Pero el mayor cambio lo siento en esa forma de entender el vínculo entre profesores y alumnos que, sorprendentemente, nunca había sido tan fuerte a pesar de que ahora “nos vemos menos las caras”. Creo que la razón estriba en que los profesores universitarios, con su ethos a cuestas, son para los estudiantes uno de los más importantes referentes adultos junto con sus padres. Ante la situación de absoluta incertidumbre, este lazo con el mundo adulto se ha convertido para ellos en tabla de salvación para no naufragar en un pesimismo que se acrecienta en estas mentes jóvenes y despiertas para las que permanecer entre cuatro paredes es aún más duro.

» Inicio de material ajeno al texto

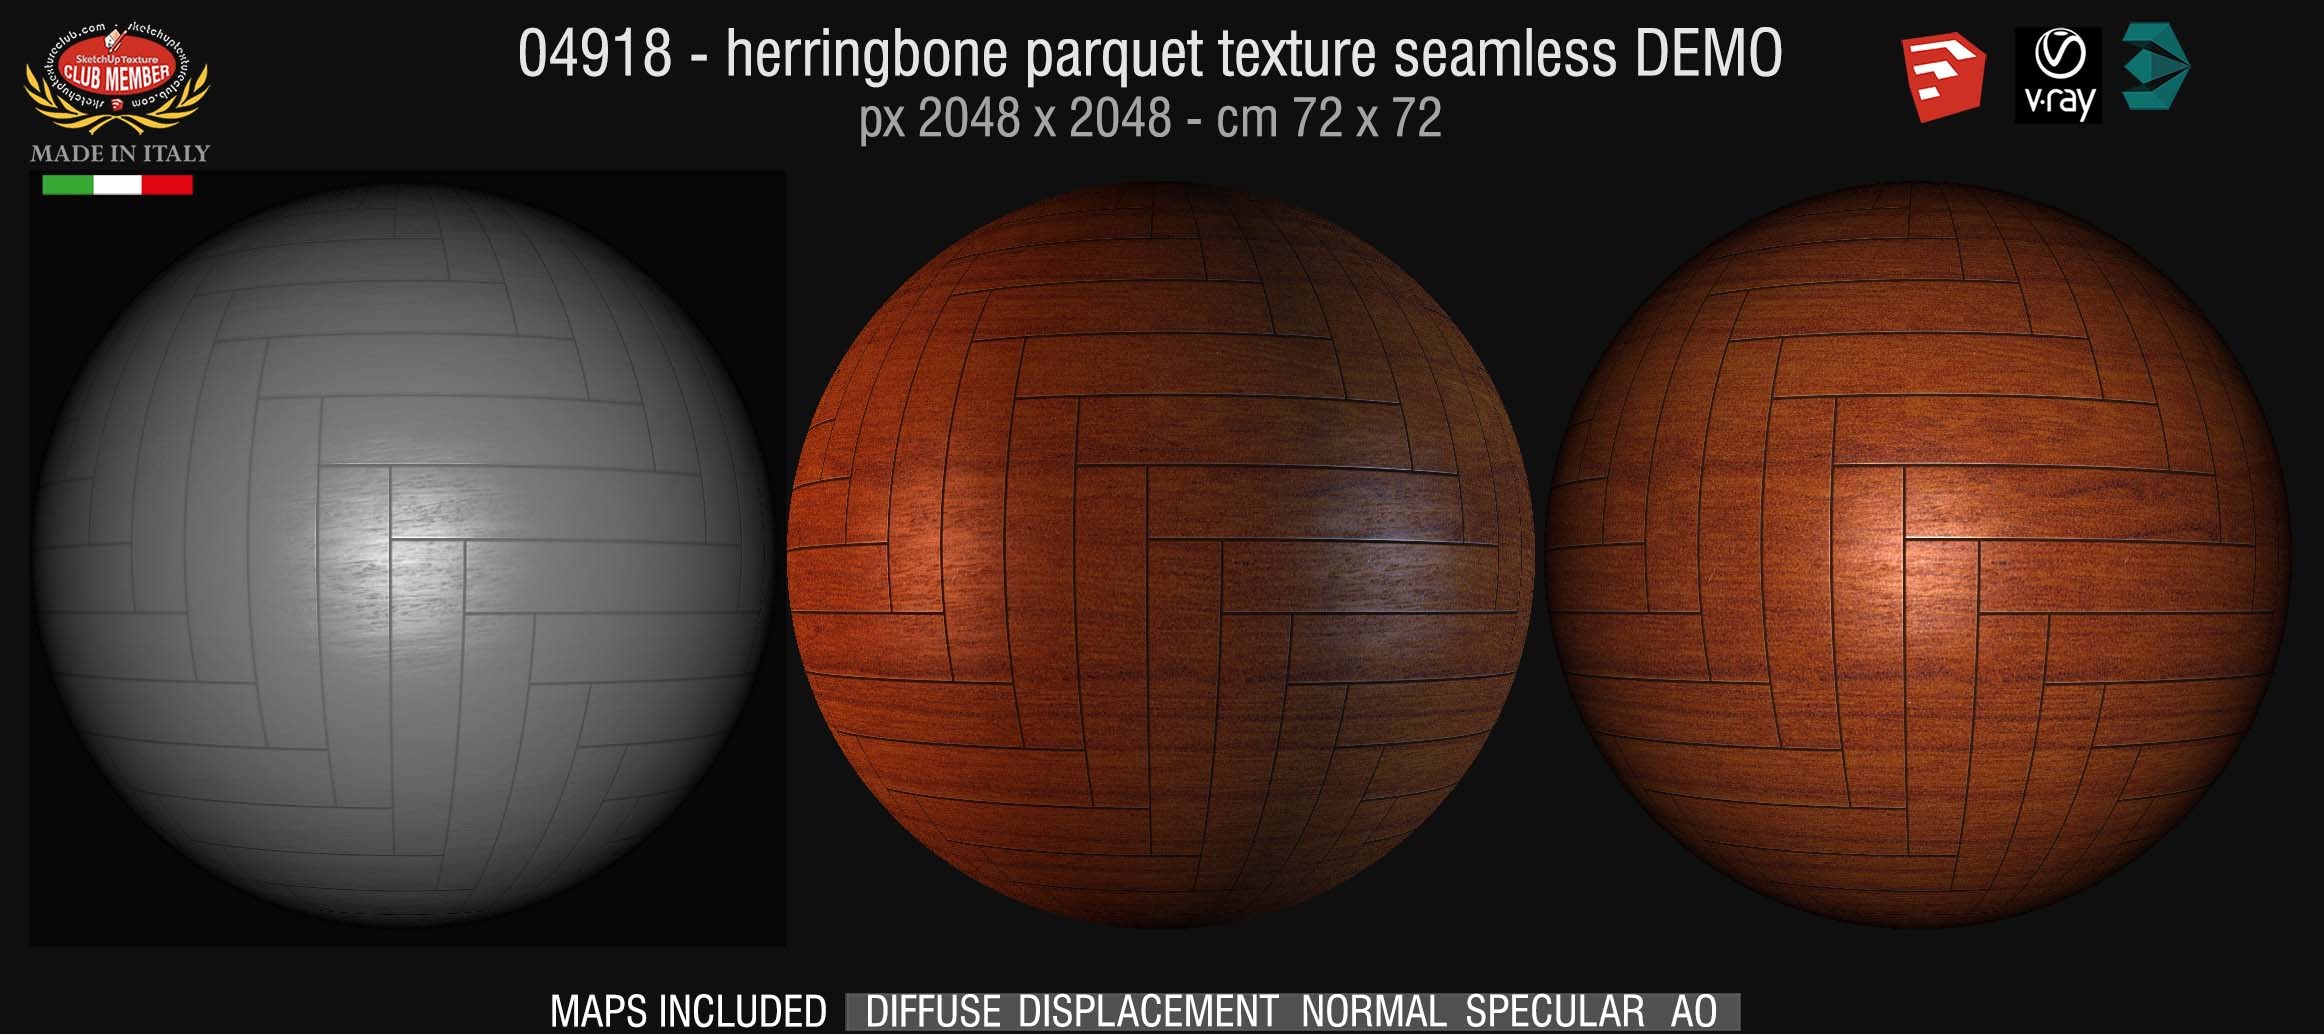 04918 HR Herringbone parquet texture seamless + maps DEMO

Ese lazo se estrecha cada día, sin riesgo alguno de contagio, y nos ha vuelto a todos más cercanos, más humanos, más encuentro en el saber, que es el verdadero sentido de la universidad.
No todo ha sido un camino de rosas. De hecho, aprendemos alumnos y profesores a marchas forzadas. Para empezar, en los primeros días de clase los abrumamos con tal cantidad de tareas obsesionados con que aprovechasen el tiempo, que las lágrimas les anegaban los ojos como si se enfrentasen al último examen de sus vidas. Además, tenemos mucho que aprender. Dar clase frente a una cámara nos roba esa información crucial de los silenciosos rostros del público: se duermen, se aburren, no entienden, les gusta, se ríen, se sorprenden… No hay más que muñequitos vacíos al otro lado, porque las conexiones de muchos alumnos no soportan tener siempre el vídeo encendido. Así que no paramos de preguntar si nos siguen, si se entiende, si aprenden… porque el resultado de la clase no es solo si los requerimientos técnicos funcionaron correctamente.
Hay contras. Y nada nos apetece más que volver a las aulas. De hecho, estoy convencida de que el primer día de libertad, que será un lunes, allí estarán todos como un clavo a las 8, más felices de lo que nunca estuvieron. Pero volverán cambiados y mejores, porque en este tiempo de confinamiento han descubierto algo que no conocían: una enorme capacidad de autonomía, una sorprendente iniciativa propia, la gestión adecuada de su tiempo, una mejor organización de su vida y un amor por los estudios, aunque solo sea para salir de la desidia, que valorarán ya por siempre. Son la “generación coronavirus” y serán aún mejor de lo que eran.